Participants read one of six vignettes that varied the outcome for the risk-taker (success or failure) and the workplace scenario (offering a suggestion at a meeting, innovating a workplace procedure, or leading a new initiative). The vignettes used different types of workplace scenarios to ensure results were driven by risk-taking—the theoretical concept of interest—and not tangential particularities of any specific situation. See Table 1 for an illustration of the six vignette scenarios and S1 Data, Part A for the full wording of the vignettes.

Once participants provided informed consent, they completed a brief attention check to ensure they understood the study and its purpose. Participants then read the scenarios, after which they were asked to write about their independent impressions of the risk-taking employee, their independent impressions of the risk-avoiding employee, and then their impression of the risk-taking employee relative to the risk-avoiding employee. This exercise was designed to engage online participants in the study and to force them to think deeply about the employees and their behavior. Participants were then asked a series of questions about the workplace outcomes likely to occur for the risk-taking employee relative to the risk-avoiding employee (see below for details). To conclude the study, participants answered several questions about their own work history, demographics, and study experiences.

Workplace outcome measures.

We measured five different workplace outcomes. Three were rank outcomes (downsizing, promotion, being sent to a, “special management training program for employees with high leadership potential,”) and two were distribution outcomes (pay, bonus). For the outcomes related to rank, participants were asked to give the odds that the event (e.g., being downsized, promoted, or sent to high potential leadership training camp) would happen to the risk-taking versus risk-avoiding employee. Participants then distributed a fixed pool of 100 percentage points between the two employees. If a participant thought that there were equal odds that either the risk-taking or risk-avoiding employee would be downsized, the participant would put a 50% likelihood on each employee. For the distribution outcomes, participants were asked how much money they thought each employee currently earned and how the company would distribute a fixed bonus between the two employees. For interpretative ease, the income variable was recoded into a percentage of the maximum possible salary and the bonus recoded to the percentage of the total bonus.

Participants.

Participants were recruited from Amazon Mechanical Turk (mTurk). MTurk is an online marketplace in which a national sample of adults (known as mTurkers) are paid to complete online tasks that humans can perform more effectively than computers (e.g., identifying objects in a photo). While mTurk provides a convenience sample, it does contain workers from many different walks of life, and thus is much more representative of the population than most in-person convenience samples (especially those from college campuses) [21,22].

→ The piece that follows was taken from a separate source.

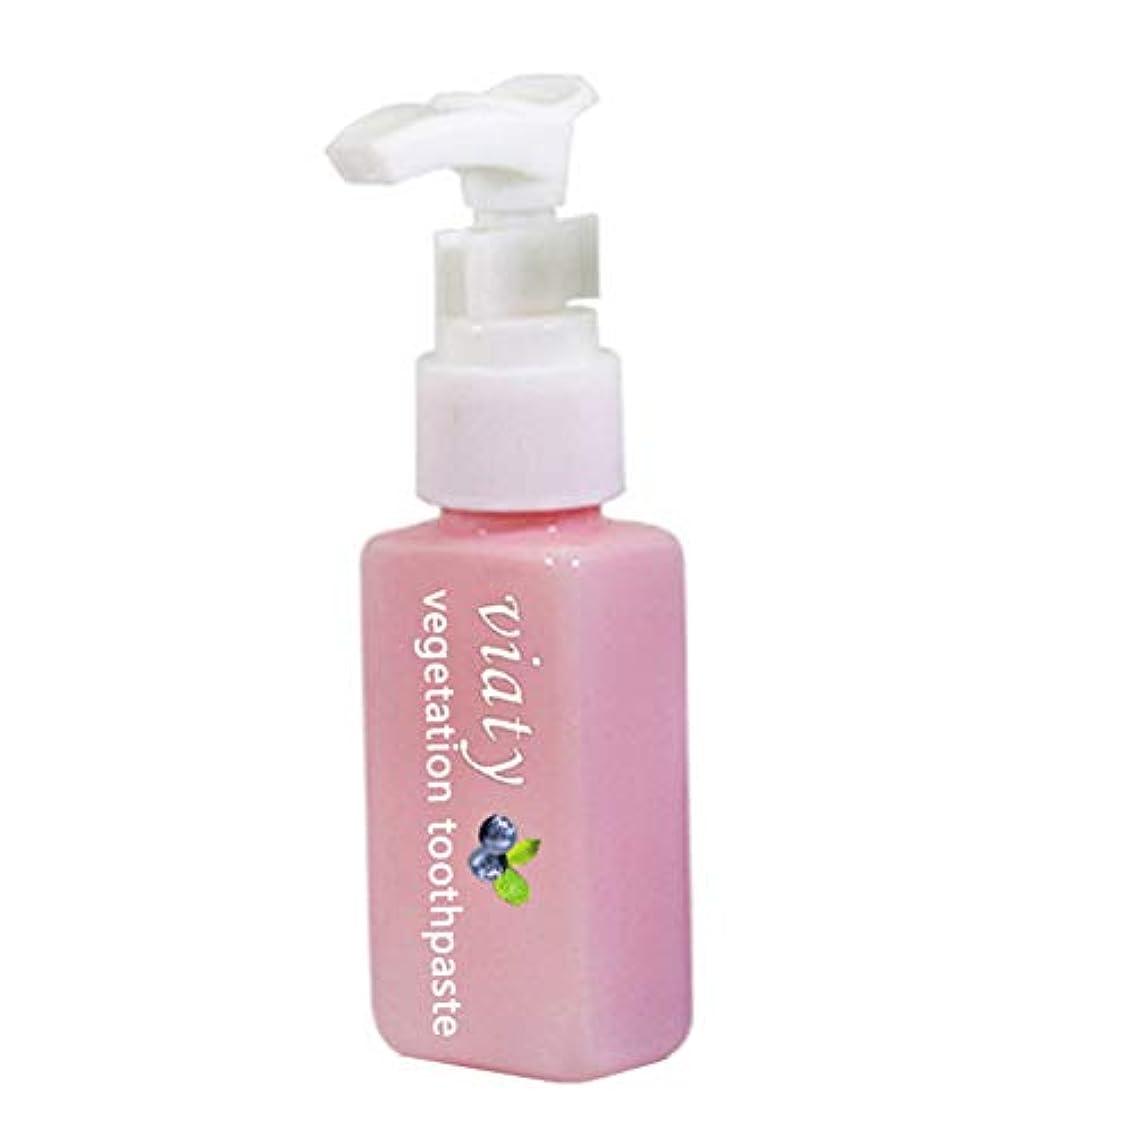 誘う不快ベッツィトロットウッドTenflyer歯磨き粉アンチブリードガムプレスタイプ新鮮な歯磨き粉を白くする汚れ除去剤

The study was advertised on mTurk as a survey about workplace experiences. Participants were paid $1.50 for approximately 15 minutes of work. Three hundred and twenty-two mTurk workers participated in the study, of whom 60.1% were women and 78.2% were non-Hispanic white. Participants ranged in age from 18 to 75 years, with an average age of 32.8 years and a standard deviation of 10.1 years. Of all participants in Study 1, 46.6% were between 18–29 years old, 31.9% were between 30–39 years old, 13.5% were between 40–49 years old, 5.8% were between 50–59 years old, and 2.2% were over 60 years old. 11.4% of the sample was unemployed, and 66.3% of the sample had attended at least some college.

Study 1 results

All Study 1 results are calculated using two-tailed t-tests comparing the mean value (from all vignette scenarios) against a value of 50%. Answering with a value of 50% means a respondent thought that the risk-taker and risk-avoider had equal odds of experiencing an event. Therefore, our t-tests test the null hypothesis that there was no difference in the rating of the risk-taker relative to the risk-avoider.

Workplace outcomes for successful risk-takers relative to risk-avoiders.

Across all scenarios and all measures of workplace outcomes, successful risk-takers were rated as much more likely to have positive workplace outcomes (e.g., being promoted, sent to high potential leadership training camp) and much less likely to have negative workplace outcomes (e.g., being downsized) than risk-avoiders. We find that successful risk-takers are rated as: much less likely to be downsized (27.4%, p < .001), much more likely to be promoted (79.0%, p < .001), and much more likely to be sent to a leadership training camp for high-potential employees (78.8%, p < .001) than not (Table 2). In addition, respondents believed that successful risk-takers would receive a higher amount of total possible pay than risk-avoiders (53.0%, p < .001) and of the bonus (72.1%, p < .001). Interestingly, these effects did not vary greatly between scenarios.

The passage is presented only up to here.